European share markets pared back earlier losses to finish slightly higher on Thursday after the ECB said the initial Brexit storm had been weathered as it left interest rates unchanged.
The benchmark Stoxx600, France's CAC 40 and Germany's Dax were all slightly higher at the close. Comments from ECB President Mario Draghi that there could be some support for ailing European banks boosted the sector and the wider market.

A slump in airline stocks had provided a drag on European bourses earlier in the session as investors sold off amid fears of reduced demand after the attack in Nice last week and attempted coup in Turkey.

UK budget carrier easyJet fell after reporting a decline in sales while Germany's Lufthansa was also down after issuing a profit warning after the terror attacks hit bookings. Air France-KLM was also among sector casualties.

The ECB held the main interest rate at 0% and the bank said it expected rates to remain at record lows or fall to lower levels for an extended period of time. The bank deposit rate was also maintained at minus 0.4%.

The asset purchase programme (APP) was maintained at €80bn per month until the end of March 2017.

"Over the coming months when we have more information... we will be in a better position to reassess the underlying macroeconomic conditions," ECB President Mario Draghi added.

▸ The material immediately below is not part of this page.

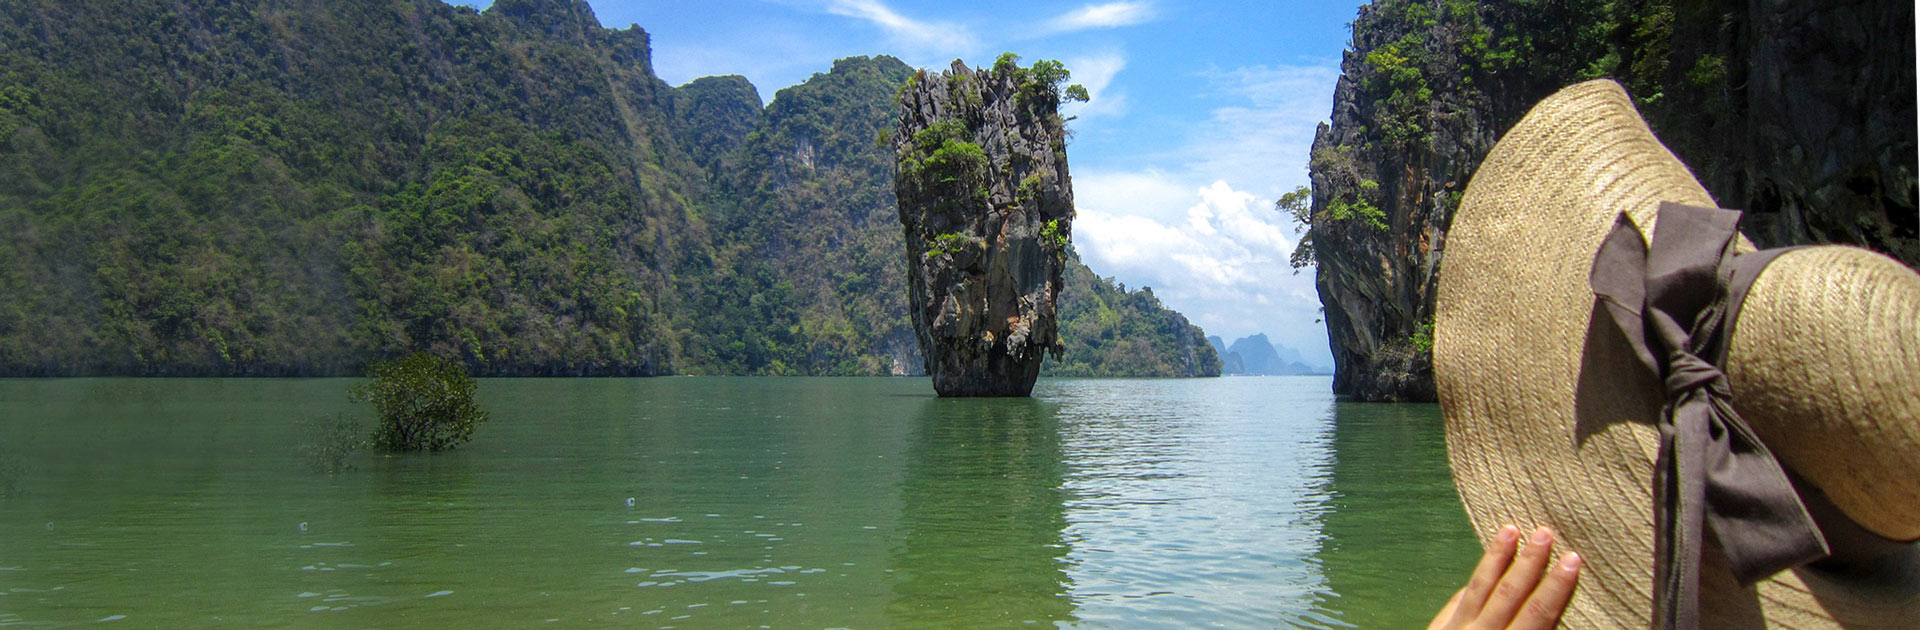 KHTH Siem Reap Triángulo de Oro y Phuket 15 días 3
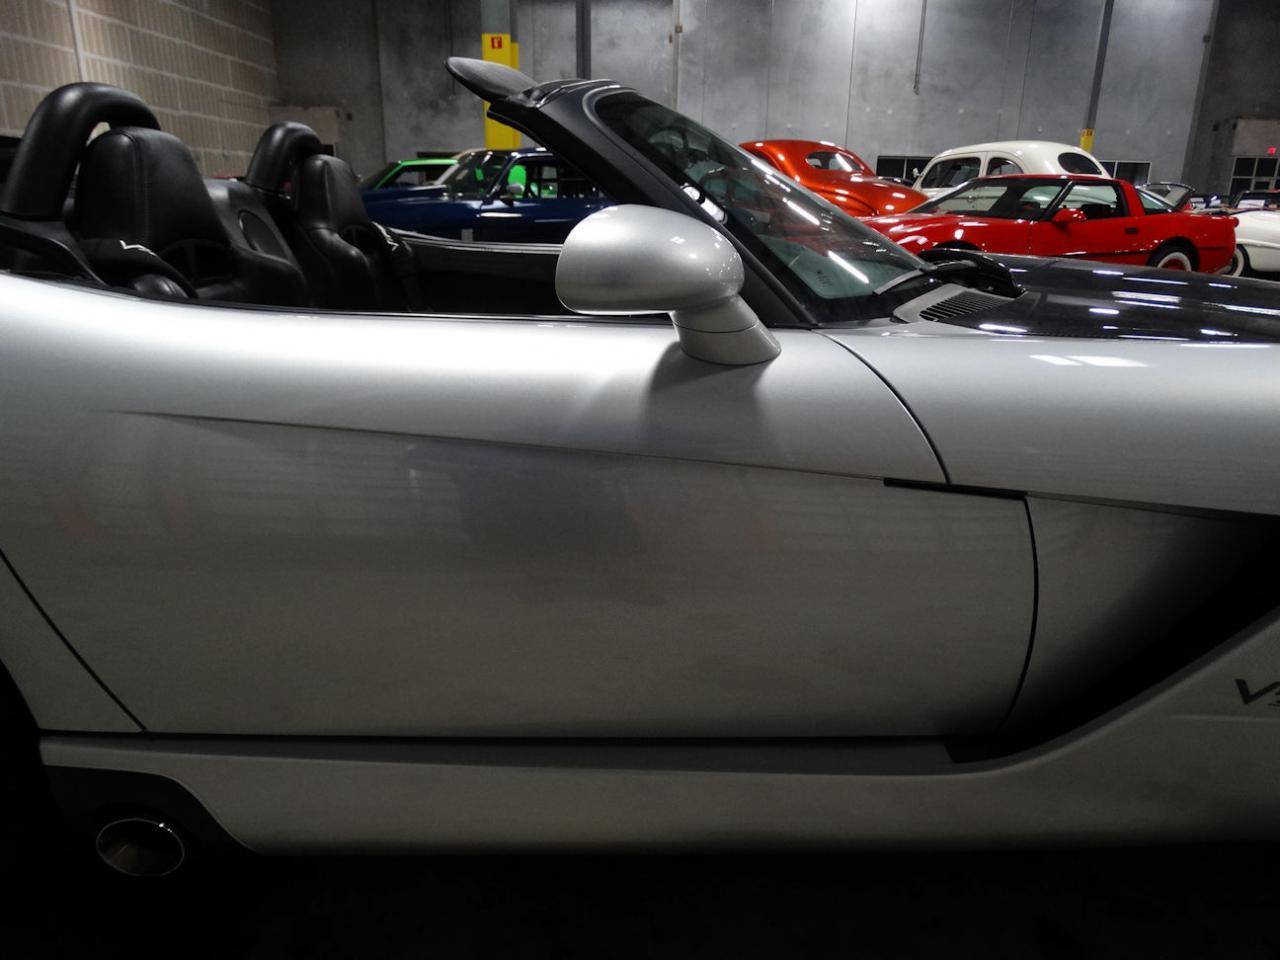 Large Picture of '04 Dodge Viper located in Florida - L6GU

"If warranted, to achieve its objective, the governing council will act by using all the instruments available in its mandate," he said.

Draghi said by the next policy meeting on 8 September the ECB will be in a better position to re-assess the risks to the euro-area outlook as it will have gathered more information on the fallout of Brexit and have a new set of macroeconomic projections.

He said downside risks to economic recovery included the EU referendum outcome, geopolitical uncertainties, emerging market weakness, balance sheet adjustments and slow progress of structural reforms.

Economists expect the central bank will wait until the September policy meeting to add stimulus.
"We think the most likely option for the ECB is to extend quantitative easing beyond March 2017, possibly by six to nine months," said Barclays.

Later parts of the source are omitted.